We will import the AWS SageMaker libraries and define helper functions for handling the dataset. We will download the dog dataset from [this URL](https://s3-us-west-1.amazonaws.com/udacity-aind/dog-project/dogImages.zip) and extract it before uploading them into the bucket.

In [1]:
# import the required libraries
import requests
import boto3
import sagemaker
from zipfile import ZipFile
from tqdm.notebook import tqdm_notebook as tqdm

Define `downloadFile` and `extractFile` helper functions to download the dataset.

In [3]:
def downloadFile(file_url, file_name, dir=None, chunk_size=1024):
    '''Helper function to download file to specified directory

    :param file_url: file download URL
    :param file_name: file name to be saved.
    :param dir: path where file is saved other than current directory (Default = current working directory)
    :param chunk_size: size of file chunk to download (Default = 1024 bytes)
    :returns: None
    '''
    saved_file_path = file_name
    if dir != None and not os.path.exists(dir):
        os.mkdir(dir)
        saved_file_path = os.path.join(dir, file_name)

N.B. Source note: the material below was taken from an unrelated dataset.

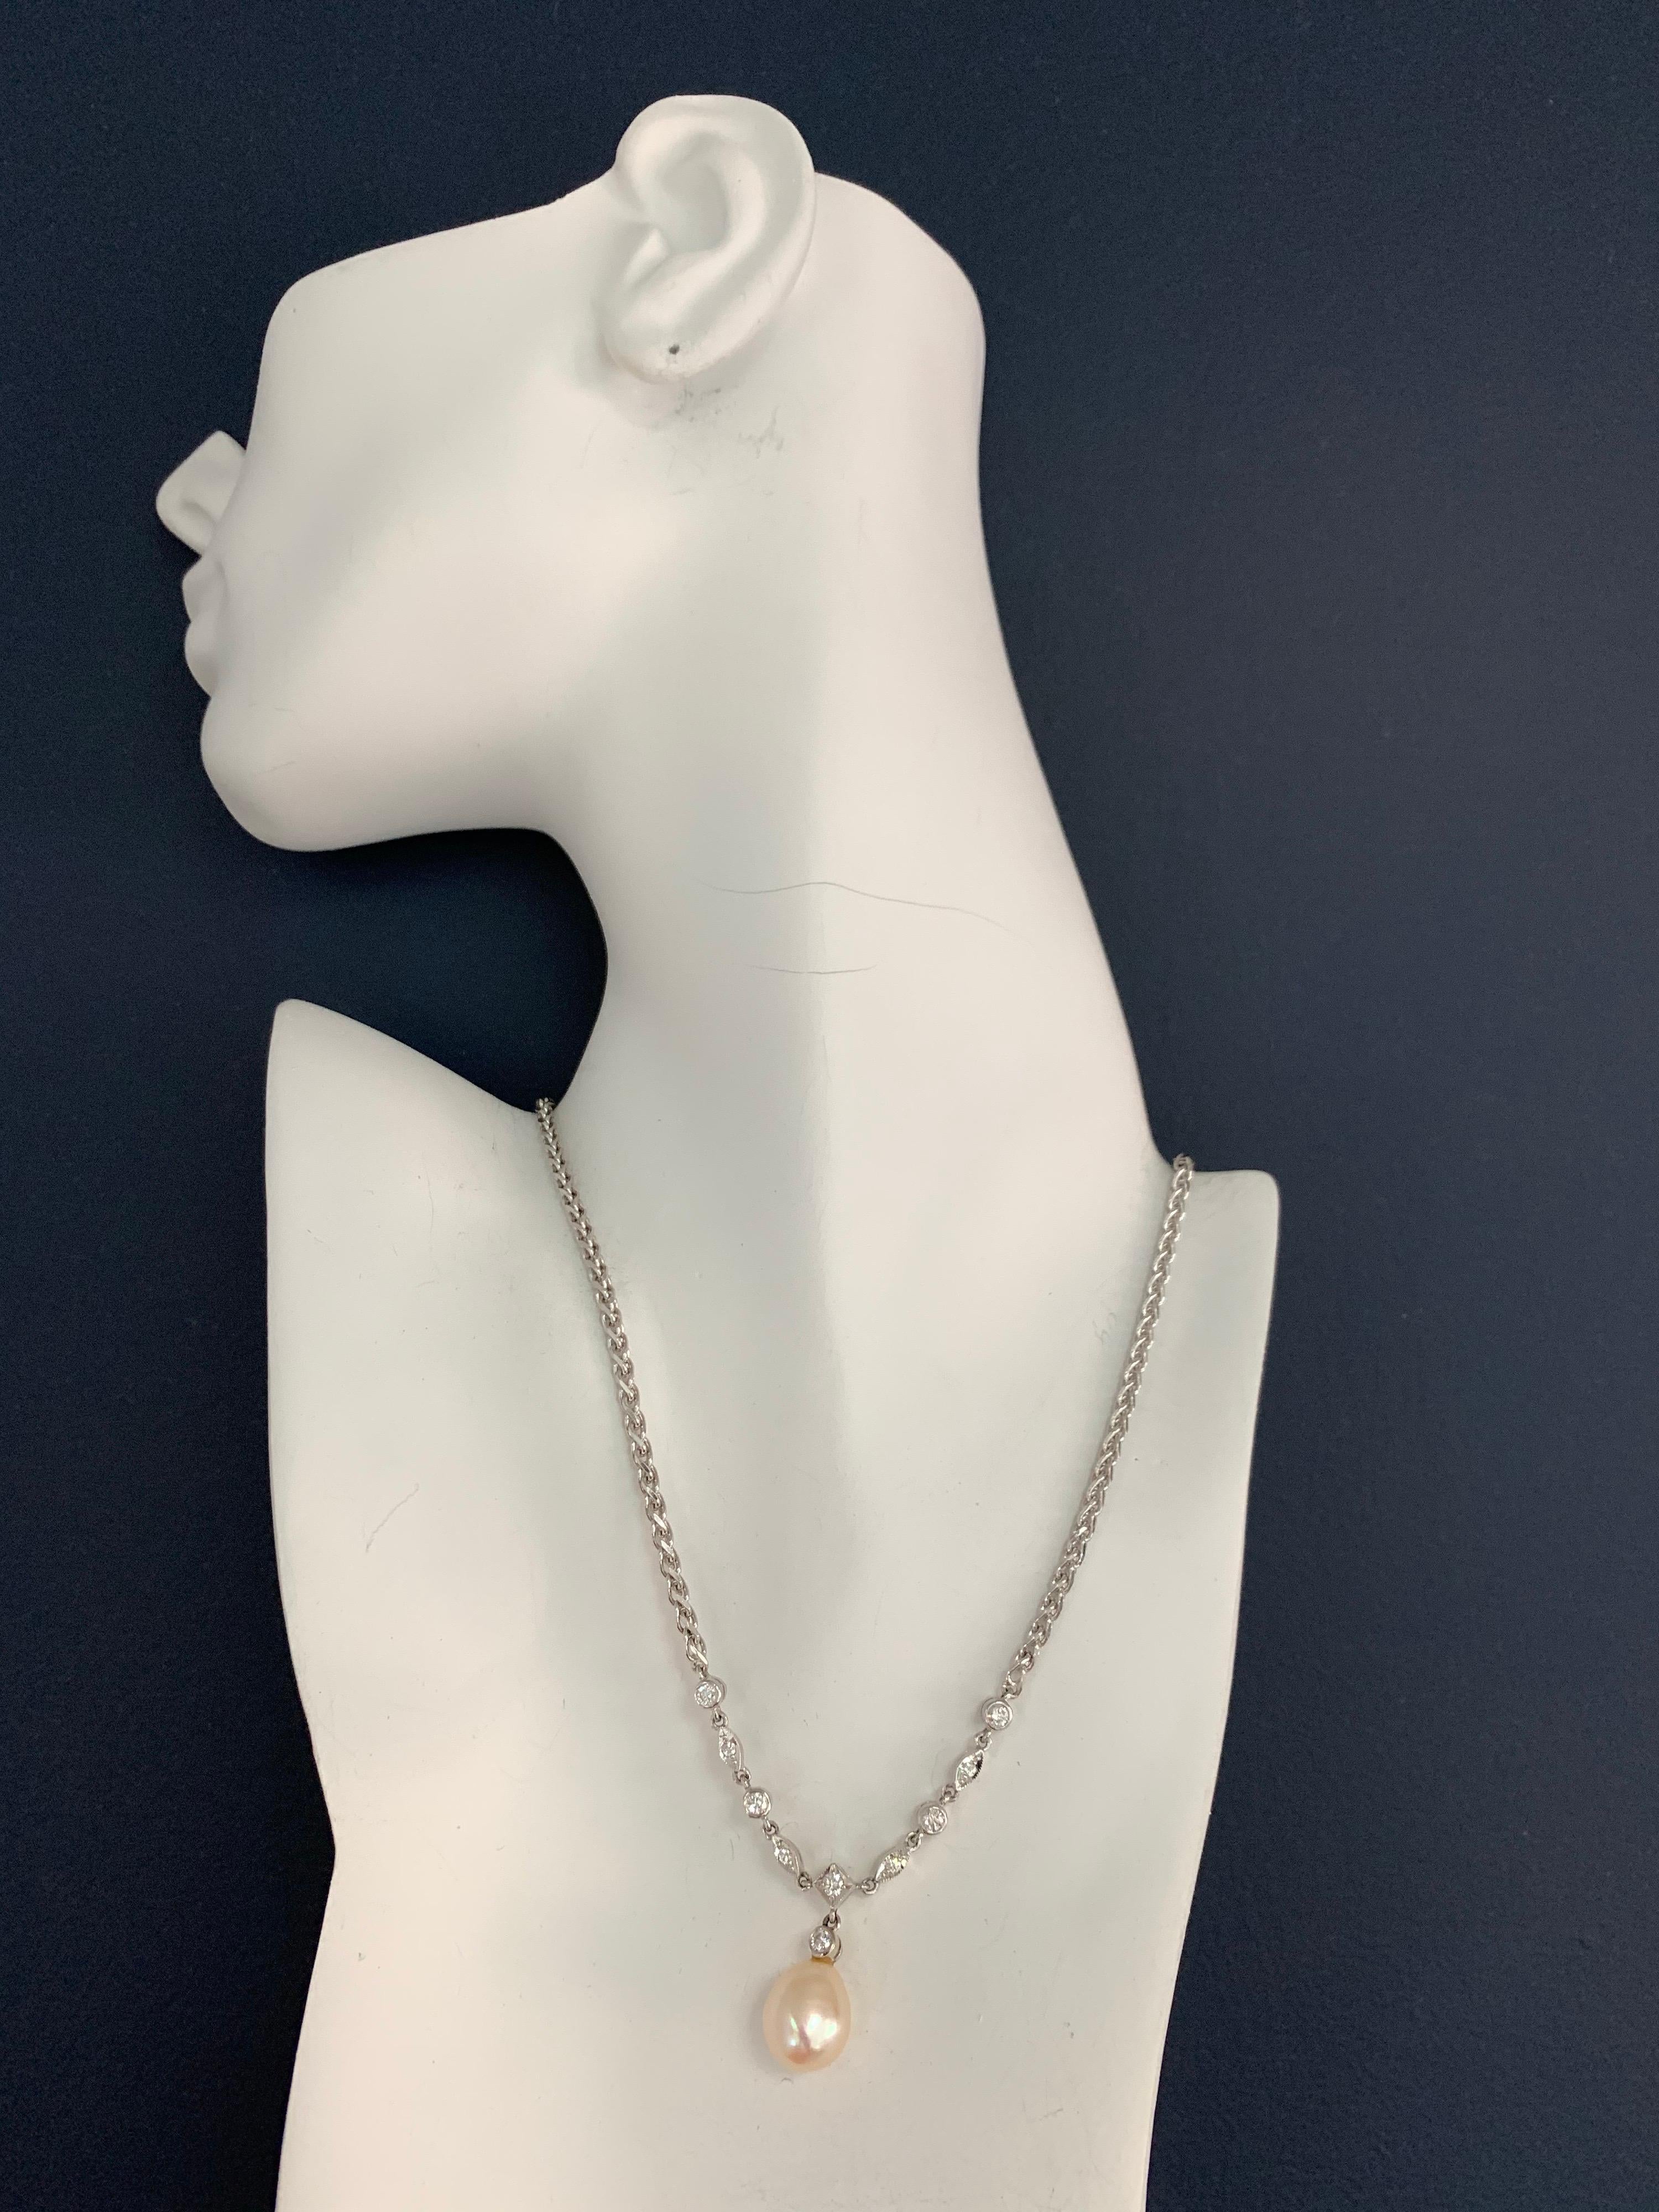 Stunning Italian 14k White Gold Necklace set with 0.50 carats (appx) of Natural colorless diamonds. The length of the necklace is 18

    r = requests.get(file_url, stream=True)
    total_size_in_bytes = len(r.content)
    progress_bar = tqdm(total=total_size_in_bytes, unit='iB', unit_scale=True, desc=file_name)
    
    with open(saved_file_path, 'wb') as f:
        for chunk in r.iter_content(chunk_size):
            progress_bar.update(len(chunk))
            # writing one chunk at a time to file
            if chunk:
                f.write(chunk)
    progress_bar.close()
    if total_size_in_bytes != 0 and progress_bar.n != total_size_in_bytes:
       print("ERROR, something went wrong")
       return

def extractFile(file_name):
    '''Extracts compressed file in zip format into current directory
    
    :param file_name: file name
    :returns: None
    '''
    # create a zipfile object and extract it to current directory
    print("Extracting file...")
    with ZipFile(file_name, 'r') as z:
        z.extractall()


Download the dataset into current directory. The default folder after extraction is `dogImages/`.

In [4]:
from glob import glob
import numpy as np

dog_url = 'https://s3-us-west-1.amazonaws.com/udacity-aind/dog-project/dogImages.zip'

downloadFile(dog_url, 'dogImages.zip')
extractFile('dogImages.zip')

# load filenames for human and dog images
dog_files = np.array(glob("dogImages/*/*/*"))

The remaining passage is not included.